THREATMANTICS / SILENT FORUM / JOEL HURST | LIVE REVIEW
Clwb Ifor Bach, Cardiff, Fri 22 Feb
A veteran of local bands Brothers and Tibet he may be, but tonight is Joel Hurst’s solo debut. If there are any first-night nerves, though, they’re not showing. His confidence in his voice and guitar playing is understandable, but is perhaps rather misplaced when it comes to his songwriting. As my companion notes, we’re never half the world away from a busker’s rendition of Half The World Away, the spectral presence of Noel Gallagher soiling more than a few tunes. Still, Hurst has a good song about being a wage slave who lives for the weekend only to spend it all in bed, and pulls an excellent cover of Two Gallants’ Steady Rollin’ out of the bag too.

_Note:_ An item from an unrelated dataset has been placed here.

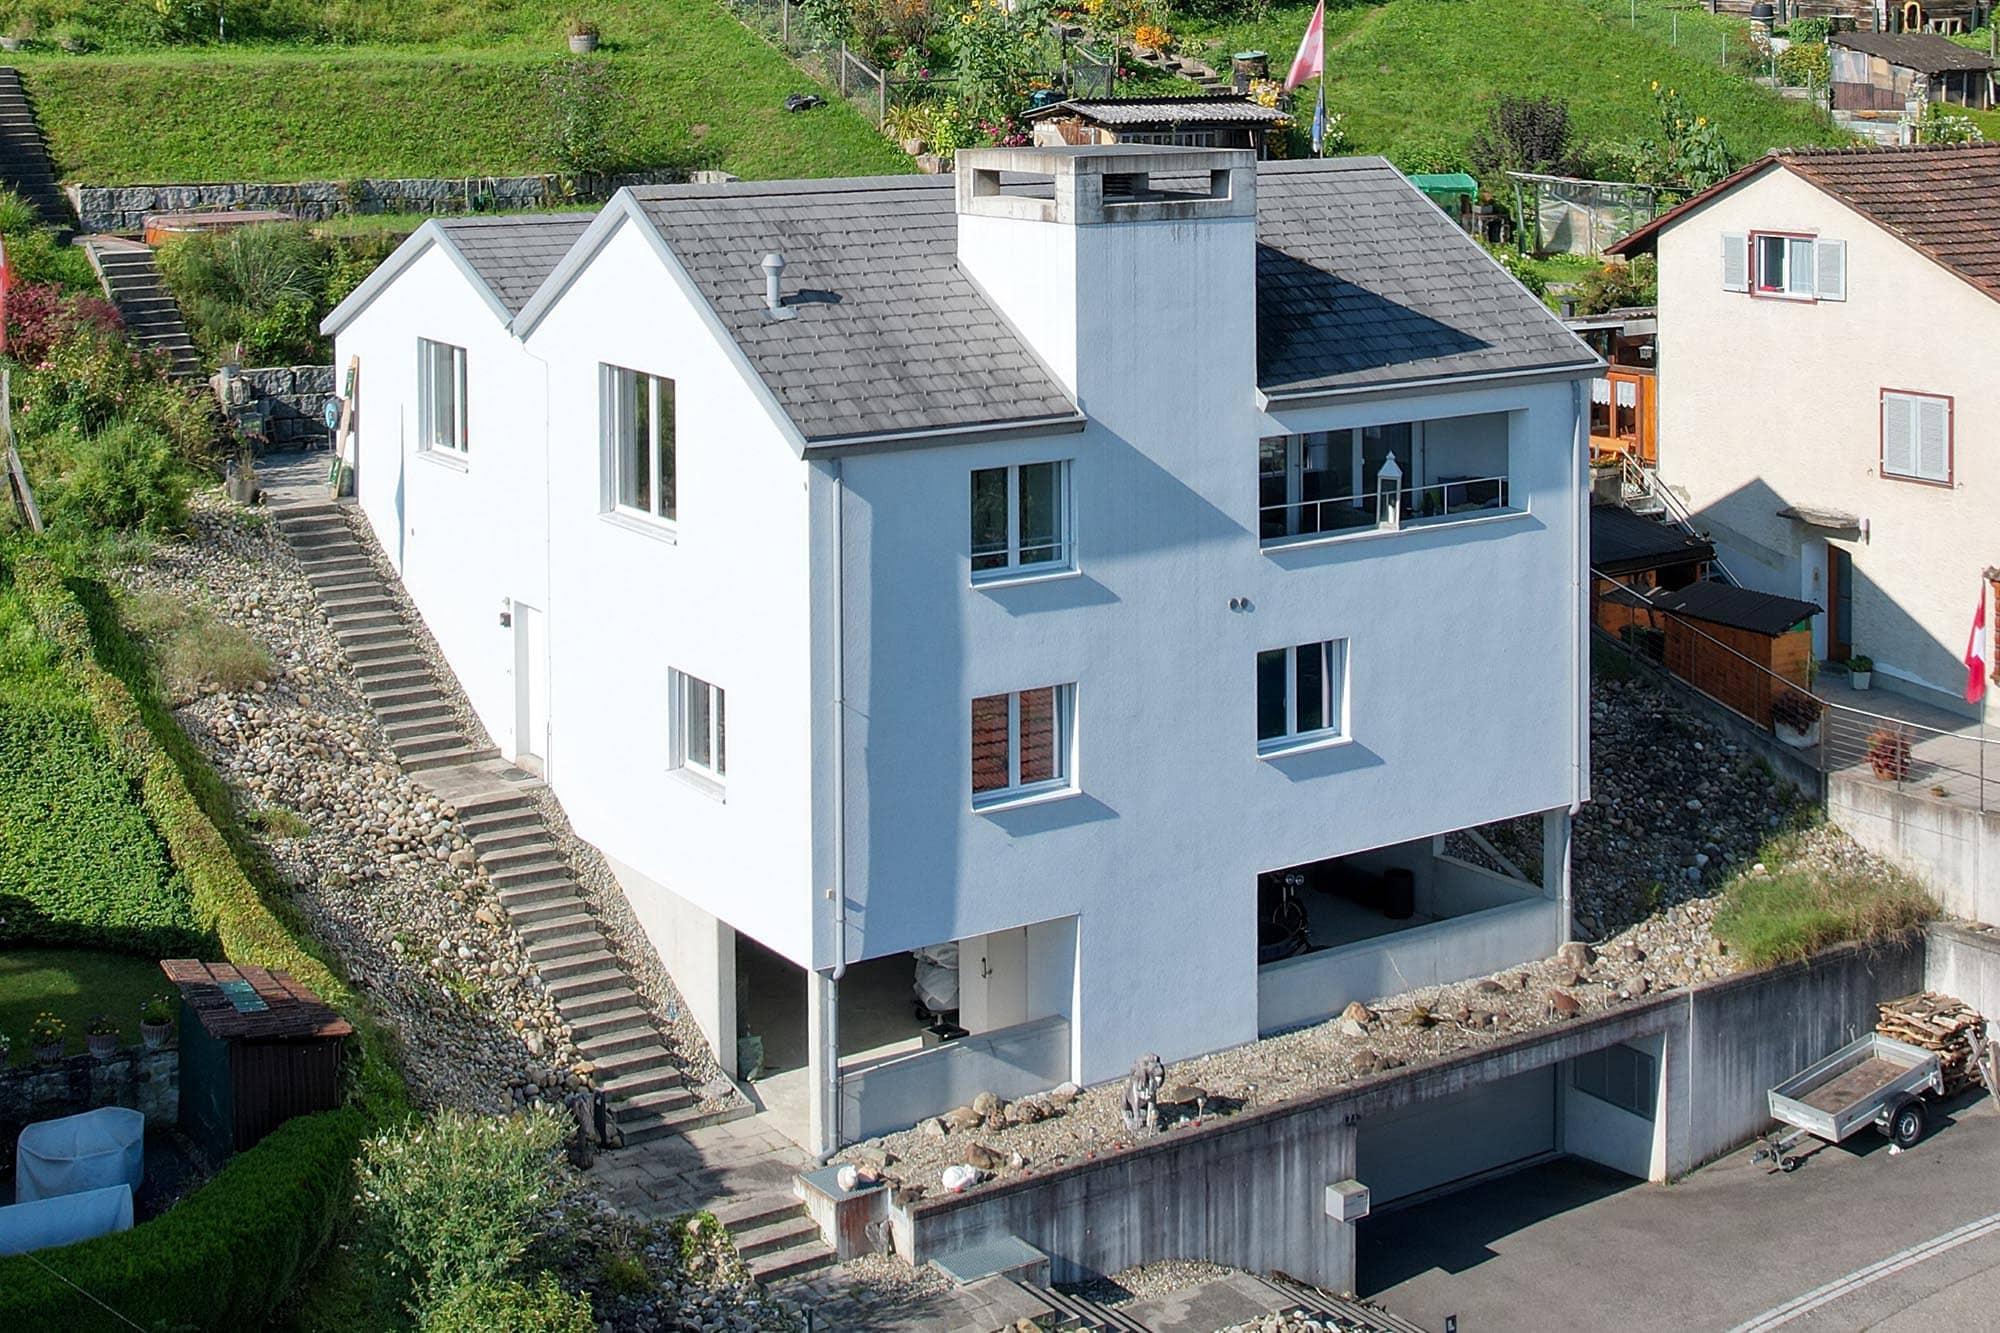 Modernes Einfamilienhaus zu verkaufen in Langwiesen, Kanton Zürich

Everything Solved At Once is the title of Silent Forum’s forthcoming LP, vocalist Richard Wiggins reveals – but this evening’s set arguably poses more questions than it answers. No sooner have they nailed “fun pop songs” (Wiggins’ words) like Robot, which is Interpol recalibrated for the dancefloor, than they seem to have careered wildly off-course into writing the much looser, more esoteric material that makes up the middle of the set. It doesn’t all work, but the ambition is admirable, their collective talent is self-evident and if there’s a degree of arrogance and bitterness in the superlative How I Faked The Moon Landing, a song about feeling themselves apart from (perhaps better than) their Cardiff contemporaries, there’s also a degree of truth.

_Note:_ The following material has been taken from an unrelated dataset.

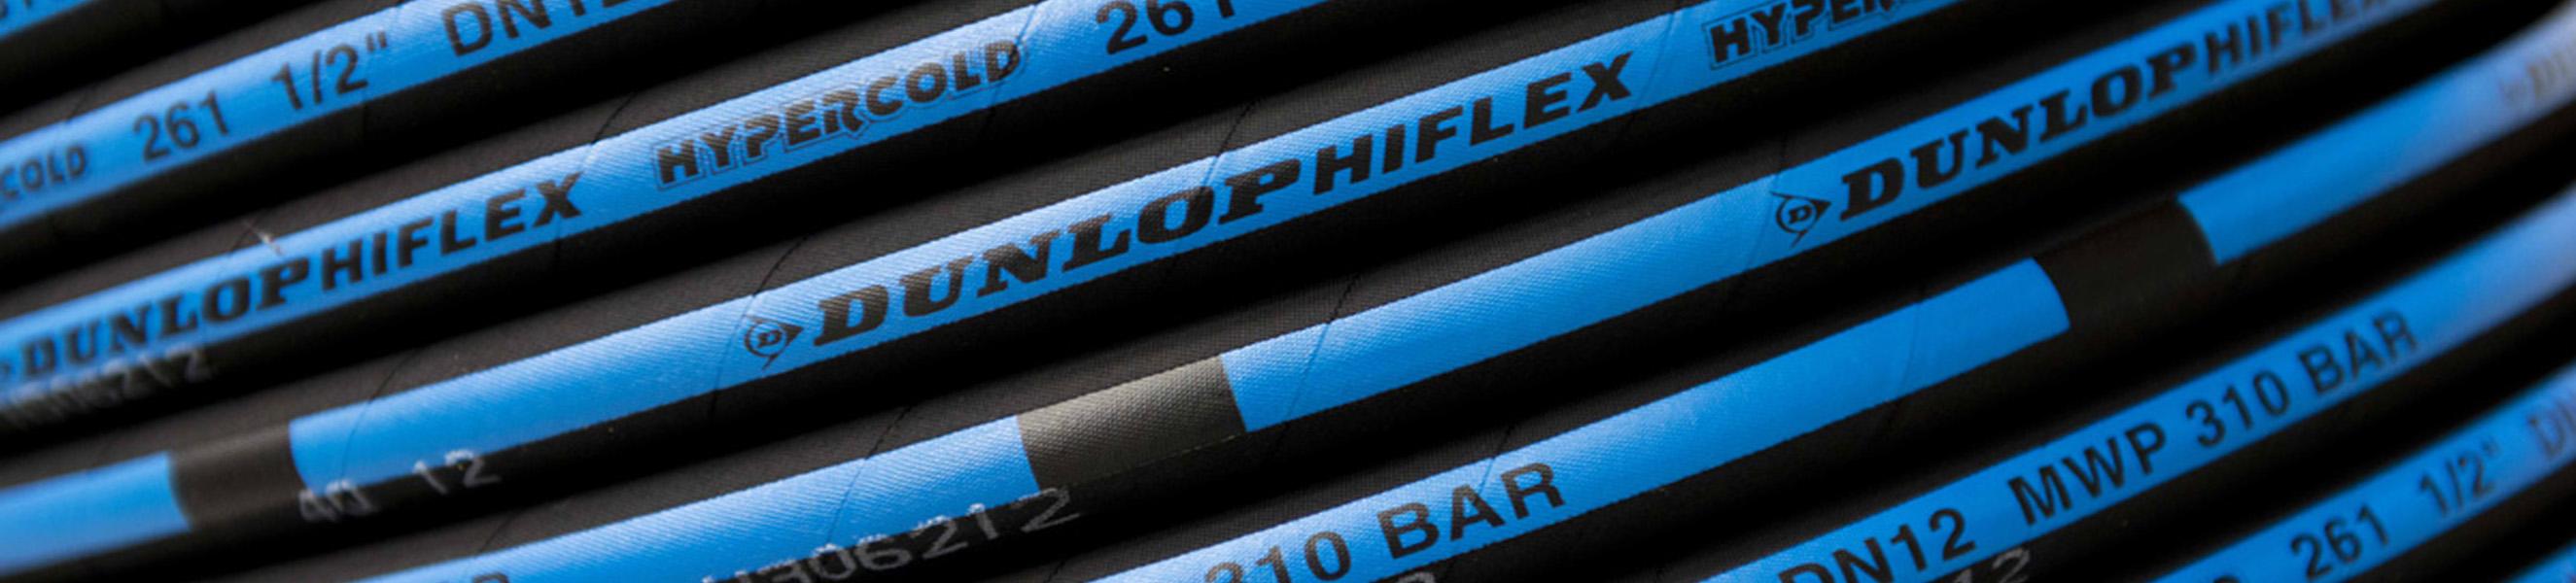 Hydraulikslang, kopplingar, adaptors och hydrauliska ledningskomponenter

But this is Threatmantics’ party, thrown to mark the release of new album Shadow On Your Heart, which Heddwyn Davies concedes has been a while in coming. Seven long years have elapsed since they put out predecessor Kid McCoy, during which time they’ve become no easier to classify. Resolutely ragged viola-fronted post-punk-folk, perhaps? Whatever – it doesn’t matter. The fact is that they’ve never sounded as unique as on Now You Are Gone, freaked-out as Mother Folker From Hell, sharp and catchy as First Things or (simply) as bloody good as the title track.
Davies switches between English and Welsh, they treat us to choice older cuts like Shotgun Billy, a well-oiled Friday night crowd contribute handclap accompaniment and all too soon a particularly frenzied Don’t Care comes to a halt with bassist Graf atop his amp. Cardiff certainly does care: it’s good to have Threatmantics back.